The Trick Is To Find Just The Right Balance

Photo by Mahrael Boutros on Pexels.com

I’m writing this blog on the last Saturday of July. I am a self pronounced lover of rain but this month has been utterly ridiculous with everything from a hurricane that took direct aim at my town to weeks of afternoon rain showers. It has certainly been a cooler than usual July which my plants seem to be greatly enjoying and the wet stuff falling from the sky is going to make my water bill more palatable than most summers Still, I am not much for excesses of any kind and as I write this I find myself dreaming of the sun more than I might normally do.

I suspect that when the rainless days and high temperatures return I will find myself longing for the long month of dreary skies and regular sprinkles from the sky. I know that one of my daughters would gladly trade places as she experiences a sixth year of drought and water restrictions that have essentially killed her grass. Now she carefully tends her few remaining plants with water that she recycles after washing dishes or taking showers.

With my own wet routine I am beginning to imagine swarms of mosquitoes growing exponentially in the moist areas of my yard. I wonder if I will one day be greeted by snakes or gators leaving the ditches around the area to explore the neighborhoods. Alas it is beginning to feel more like a tropical jungle around here than a residential area. I even worry that another hurricane will decide to come our way leaving more rain than our lakes and rivers and bayous can hold. The result will be flooded homes and so much loss. We simply need to dry out for a time to keep a balance.

I generally find rainy days to be incredibly calming but I suspect that there is a fine line between enjoying a certain type of weather and growing weary of the sameness of it. I like that we have seasons so that we do not have to be either hot or cold all the time. The variety of weather is what makes each kind seem so wonderful. Of late it seems that there are too many places that are either too wet or too dry. I prefer the Goldilocks way of preferring that things to be just right. 

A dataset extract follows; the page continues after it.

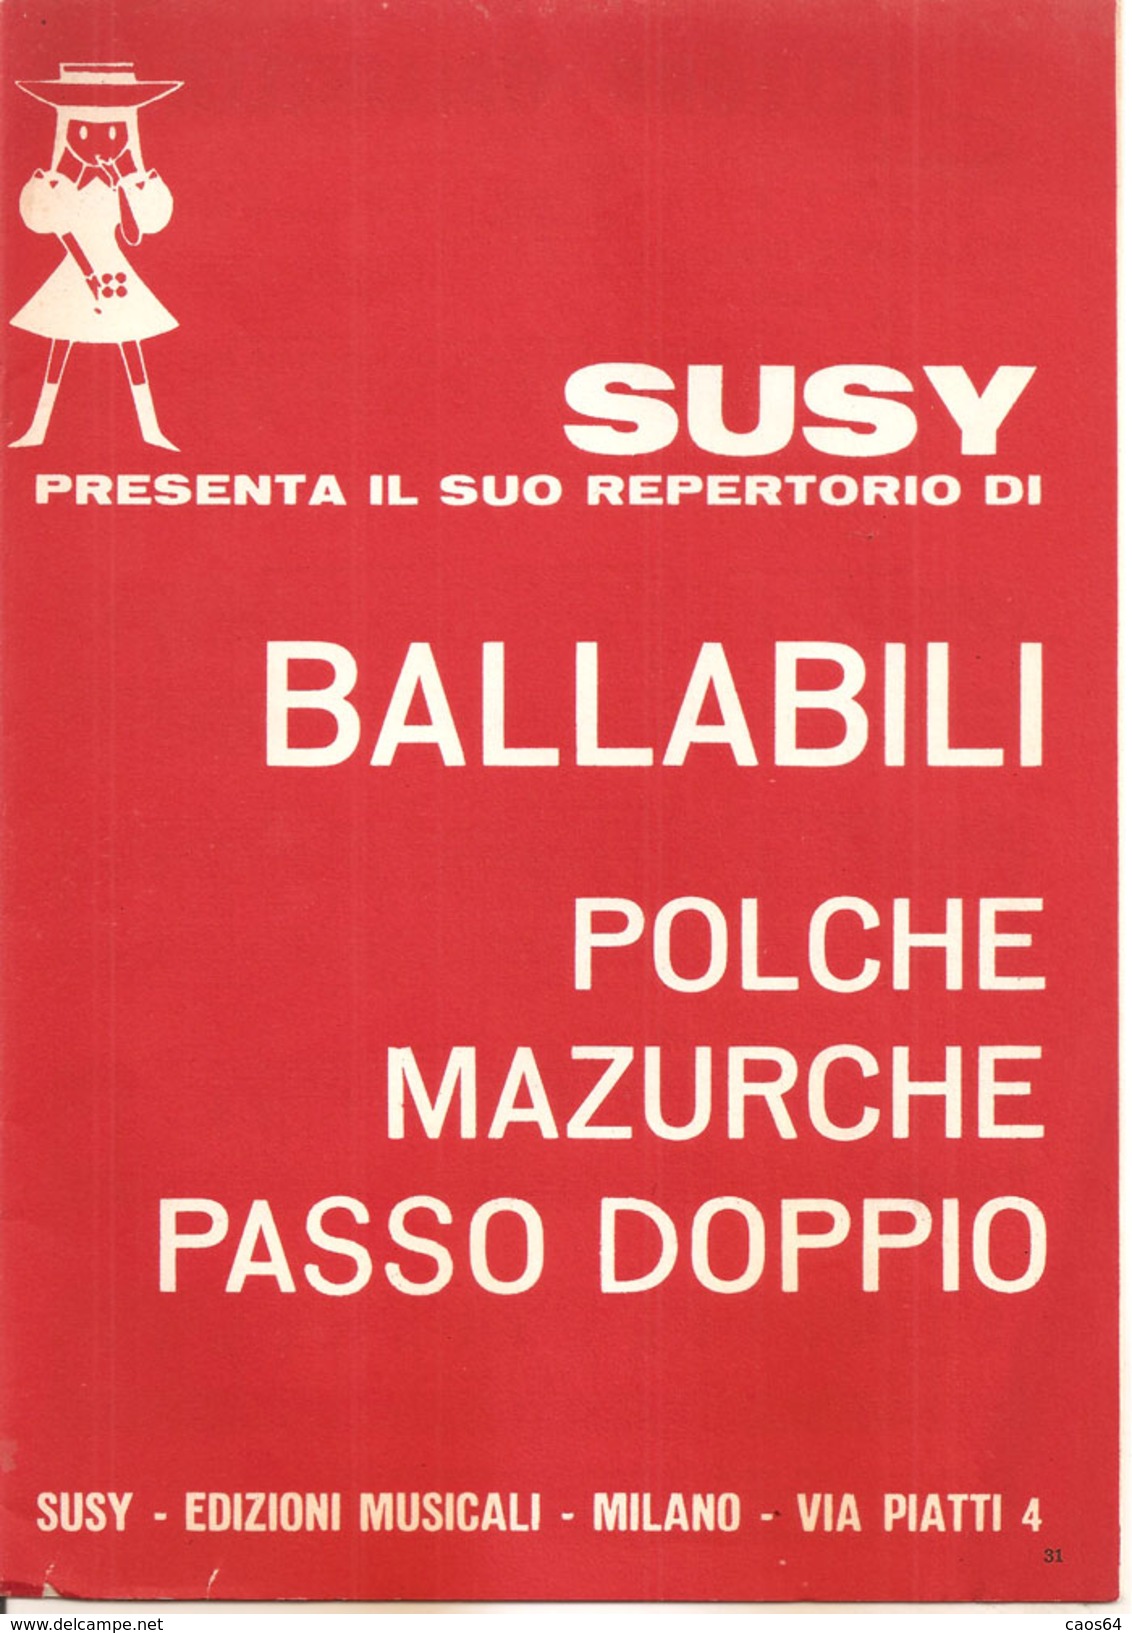 SUSY PRESENTA IL SUO REPERTORIO DI BALLABILI (II) - Folk Music
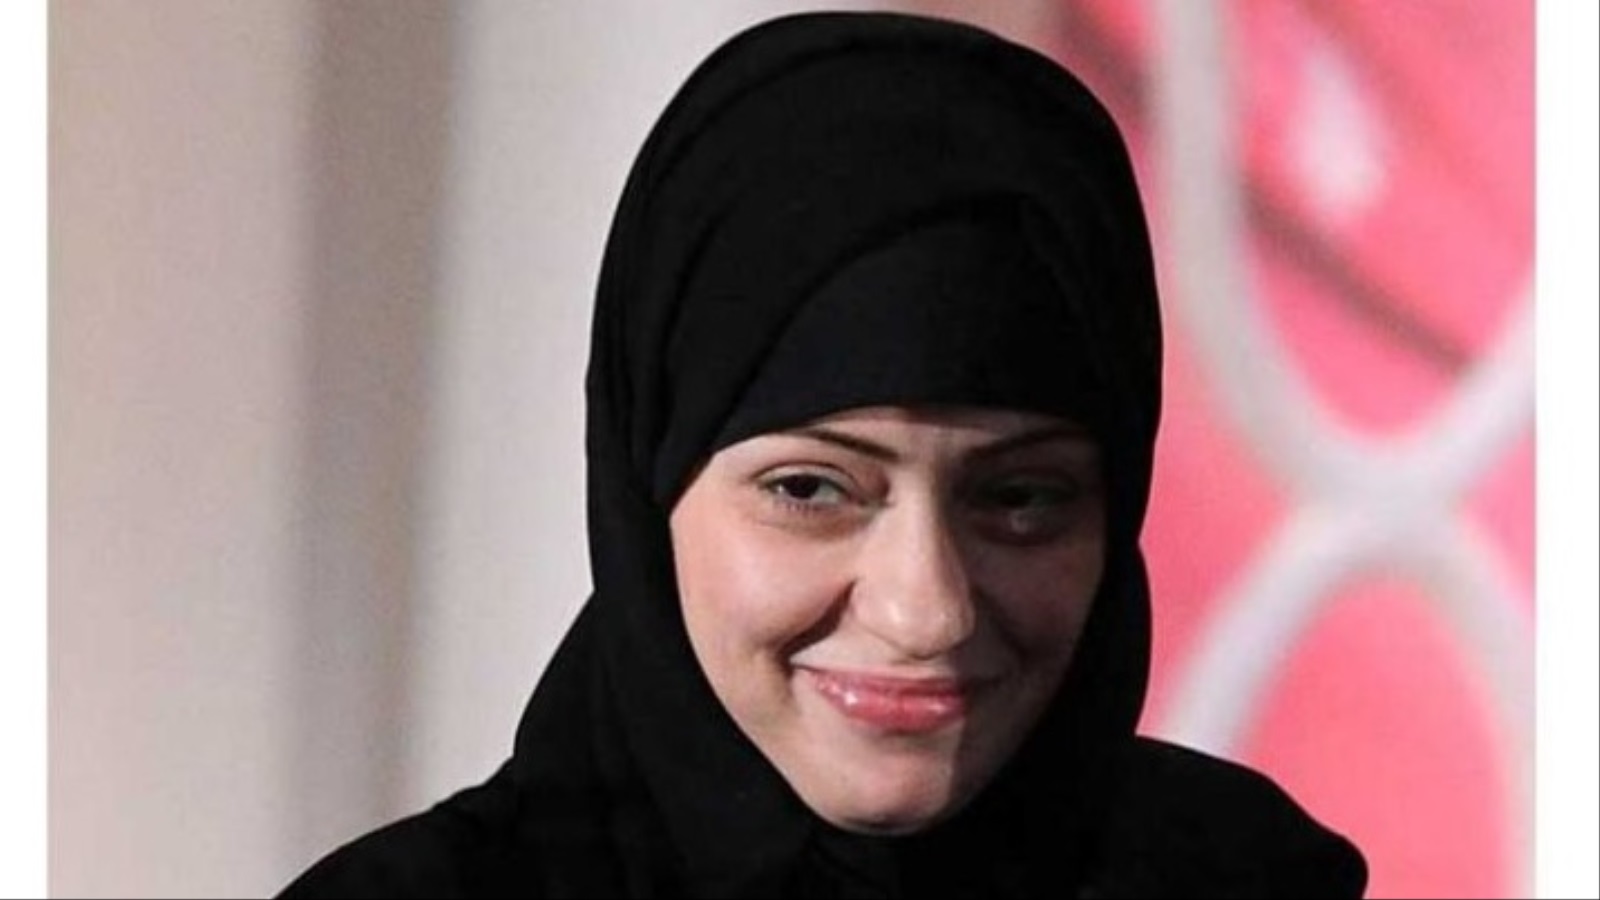 ‪صورة متداولة في مواقع التواصل الاجتماعي للناشطة السعودية إسراء الغمغام المعتقلة منذ عام 2015، التي طالبت النيابة العامة السعودية بإصدار حكم ضدها يقضي بـ

The weather report promises a week of typical hot dry days to usher August into our area. I may enjoy the change for a time but if it too becomes too repetitive I suspect that I will be grinching once again. It seems that I can’t always get what I want, but I definitely don’t believe that any of us need feast or famine. 

We humans are sometimes a cranky bunch. We take simple things for granted until they are no longer with us. We do much the same with people. We rush around thinking that we will have plenty of time to tell that person who always makes us smile how much we appreciate him. Then he is suddenly gone and it is too late to deliver that message to him. We get so busy with the mundane aspects of life that opportunities to let someone know how much he or she means to us evaporate. Much like a preference for rain or sunshine we get too busy to just stop and smell the dewy grass or the feel of the sand under our feet at the ocean. We tell ourselves that we will think about those things tomorrow and rush about doing tasks that we might well leave for another day.

Here in the United States we are all filled with political angst these days. Each of us believes that we have the answers to what we need to do to improve our world. We engage in a lot of judging without actually listening to what is prompting the people around us to seemingly think so much differently than we do. I suspect that if we were able to take a breath and actually hear them without thinking of what our next argument will be, we might find that we are all more aligned with each other than we once thought. These days just as with the rain or the drought everything political seems to point to excesses one way or another. We even seem to apply our thinking to religious beliefs, chastising each other for having differing ideas about spirituality rather than understanding how deeply personal such things are. 

We know that our plants and our attitudes do best with both a bit of rain and a bit of sunshine. So too it is with the way we manage our relationships and our countries and our laws. Too much a anything for too long can make a mess of things. It seems to me that it is balance that we need in our lives and also the right mixture for each situation. If we want to grow rice muddy fields of standing water may be just the ticket but succulents tend to rot without a bit of drying out. We need to remember that If we refuse to hear the concerns of all we do not grow and prosper as people anymore than our plants do in the wrong environment. 

I do not know what lies ahead with either the weather or the political scene but I feel rather certain that too much of anything is generally harmful. I also know that we are totally dependent on each other and would do well to try to understand that some of us like rain, some of us like deserts, some love mountains, others prefer the ocean. We can be different and still get along. The trick is to find just the right balance.